A long time ago I wrote a blog post about rehypothecation with brokers. It is - unsurprisingly - relevant again.
In some sense crypto provides fast-track learning as to why we have banking and broker regulation in the first place.
The 1934 Securities Exchange Act and all that
When you sign up to a margin account in almost all cases you pledge your securities to the broker with the ability for them to repledge.
The reason to broker-dealer must be able to repledge is that it needs to finance the loans to you – and to reduce the cost of that financing it needs to offer collateral.
So, when I take my million dollars worth of securities to the broker and borrow 100K on my margin account it looks like I have pledged a million dollars to a broker who might be questionable in order to get 100 thousand worth of financing.
There is one word for this. Dumb. They can – on face of it – take your assets and pledge them to finance their risky business.
If you do not believe it is dumb have a look at my post on Opes Prime, a small broker-dealer that went down in Australia taking something near a billion in client assets with it. It involved organised crime, guys that killed hitmen and all sorts of other colourful characters. There ain’t no way I would want to lend my securities to these guys and wind up an unsecured creditor.
The US had huge problems with broker-dealers in the 1930s. They folded and lots of people lost their entire fortune by not understanding their credit arrangements.
Enter the US Securities Exchange Act of 1934. This is one piece of depression era legislation that survives and thank the Good Lord for that.
What the broker dealer act does is (a) ring fence the US broker dealer and (b) limit the amount that the broker dealer can borrow against your securities and the amount of collateral it may take.
I am hardly a lawyer – so take the bush lawyer caveat – but the way it works is that the broker dealer may not borrow against your securities to finance their own business, only client business. So Lehman Brothers US broker dealer could take collateral of securities and if they had 100 million out on client margin loans the most that they could raise using client securities is 100 million and not a brass razoo more. This is really important because it meant that client assets were not used to finance Lehman’s disastrous commercial real estate and other businesses.
Moreover when you deposit a million dollars at the broker dealer and give them the right to repledge those securities they can only rehypothecate 140 percent of your outstanding balances.
If you have 1 million deposited and you have 100 thousand borrowed then only 140 thousand can be rehypothecated and the rest must sit in a segregated client account. [If your broker wants to steal from the segregated client account there are precious few defences – but…] You can not contract out of this requirement.
So (provided the broker is not acting criminally) you should get the bulk of your money back if the broker dealer fails. And provided the capital requirements are adequate (and they mostly are) the broker dealer won’t fail. Even the Drexel Burnham Broker Dealer did not fail.
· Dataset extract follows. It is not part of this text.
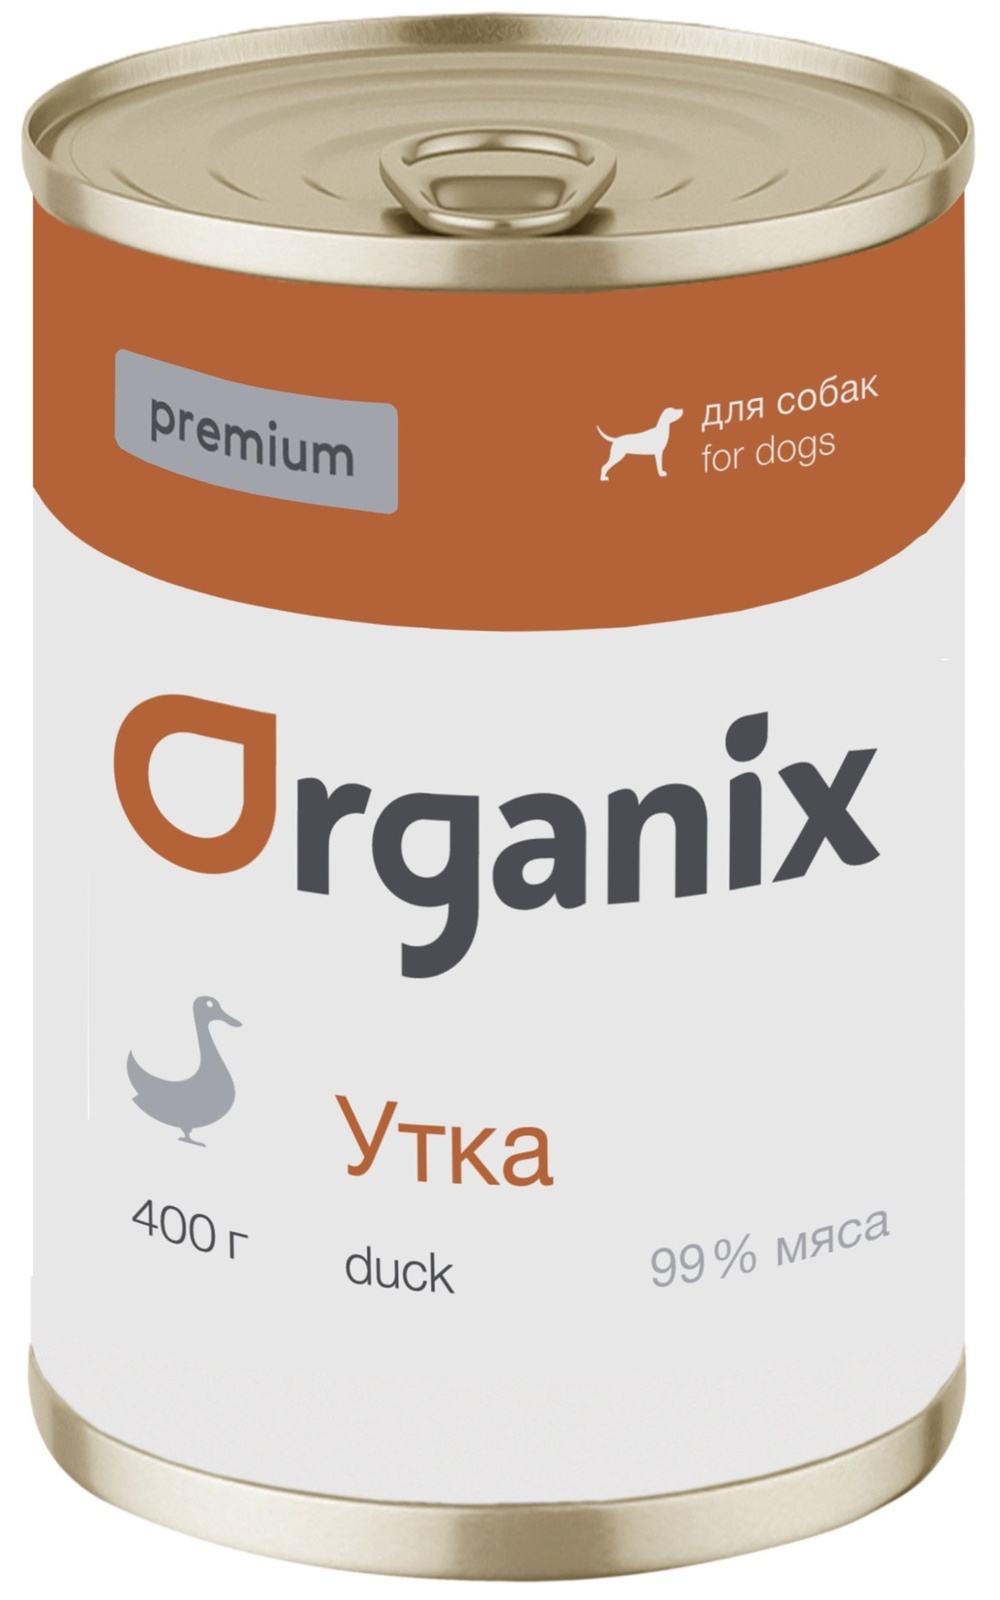 Organix консервы Organix монобелковые премиум консервы для собак, с уткой (100 г) organix консервы organix консервы для собак ягненок с рубцом и морковью 100 г
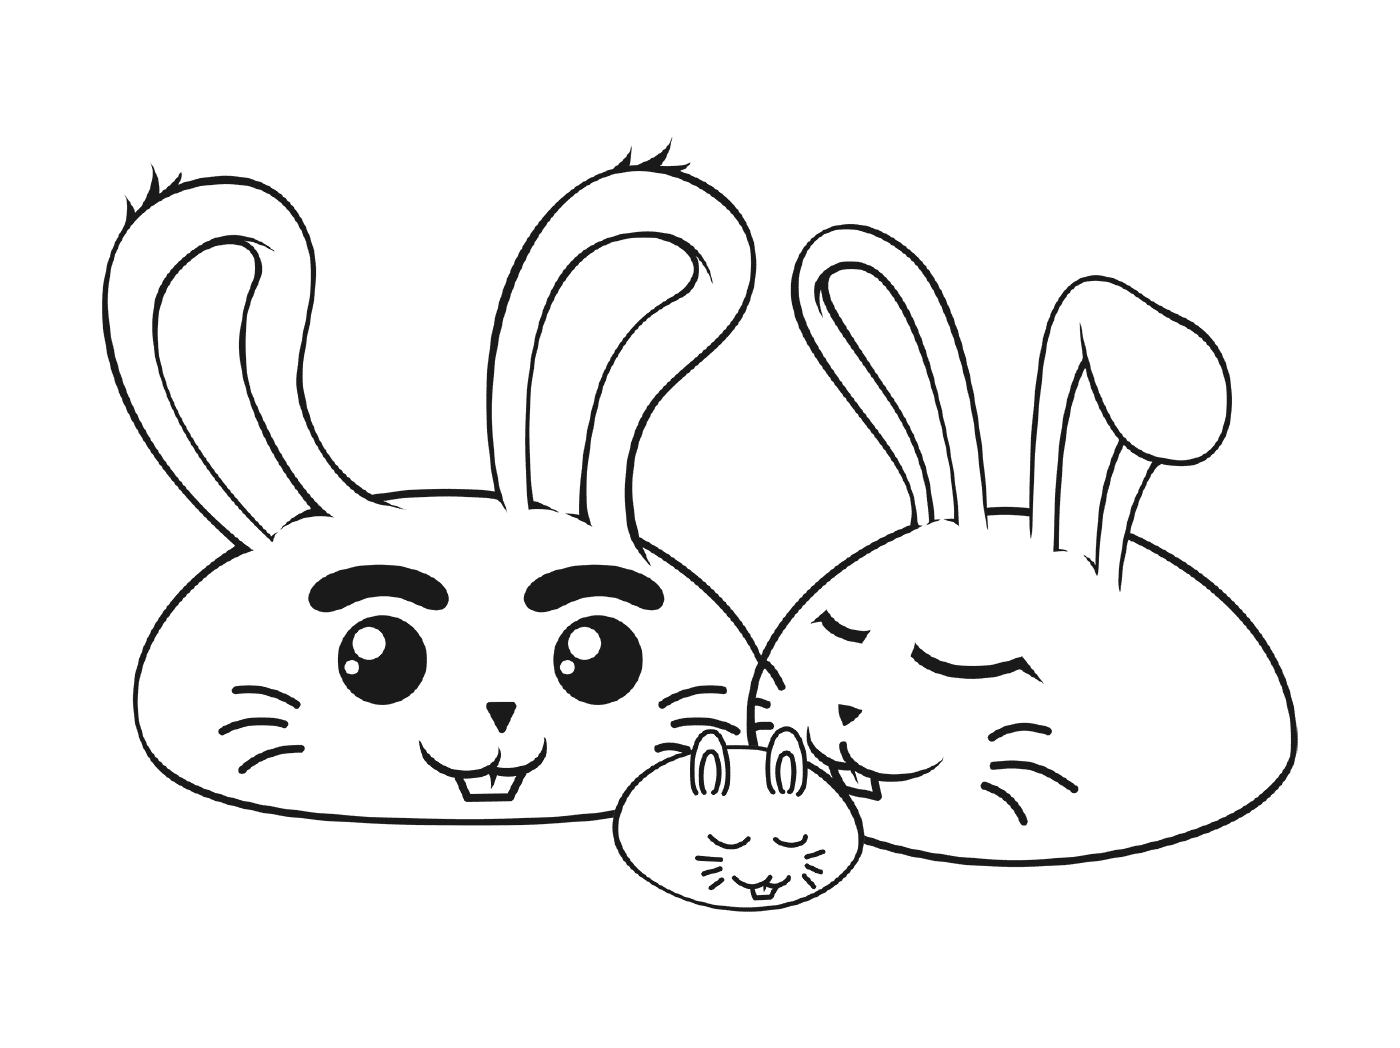  Семья кроликов

Goldman Sachs claims that they can determine the capital requirements of their broker dealer intra-day. I have no proof of this claim – but in this age of computers that is plausible.
The result. Whilst Lehman brothers went bust Lehman US broker dealer did not. This pretty well saved the US hedge fund industry.
Europe however was a different story. Lehman Europe failed – and the clients of the European broker dealer (read a good proportion of the London hedge fund community) are now queuing as unsecured creditors of Lehman. Many funds have folded. Far more have been nicked. Whilst the US hedge fund business is currently looking dazed, confused and a little problematic the UK business is on life support.
In some sense this is the end of the City of London.
I am on record as saying the UK took Maggie Thatcher to heart and deregulated financial activity to such an extent that the whole UK market worked without capital. That was of course inordinately attractive in a boom where having capital was just a cost. That attractiveness was one of the reasons why the London market grew and grew – and why UK banks wound up being amongst the biggest in the world.
But now with the biggest bank in the world by balance sheet (Royal Bank of Scotland) effectively nationalised and the and a large part of the UK hedge fund community lying with open veins it looks a little stupid.
This puts in a different light the 8 billion dollars that Lehman London transferred to the US when it was failing. I stand open to correction – but I would guess that the money was obtained from client accounts from the European/London broker dealer. It is certainly being investigated by Lehman clients. This is a scandal of the first order allowed by an insane lassis faire approach to financial regulation.
So here is a plea for US Depression style financial regulation. Some of it (such as the Broker Dealer regulation) was well thought out and should be duplicated. (Some of it was less sensible…)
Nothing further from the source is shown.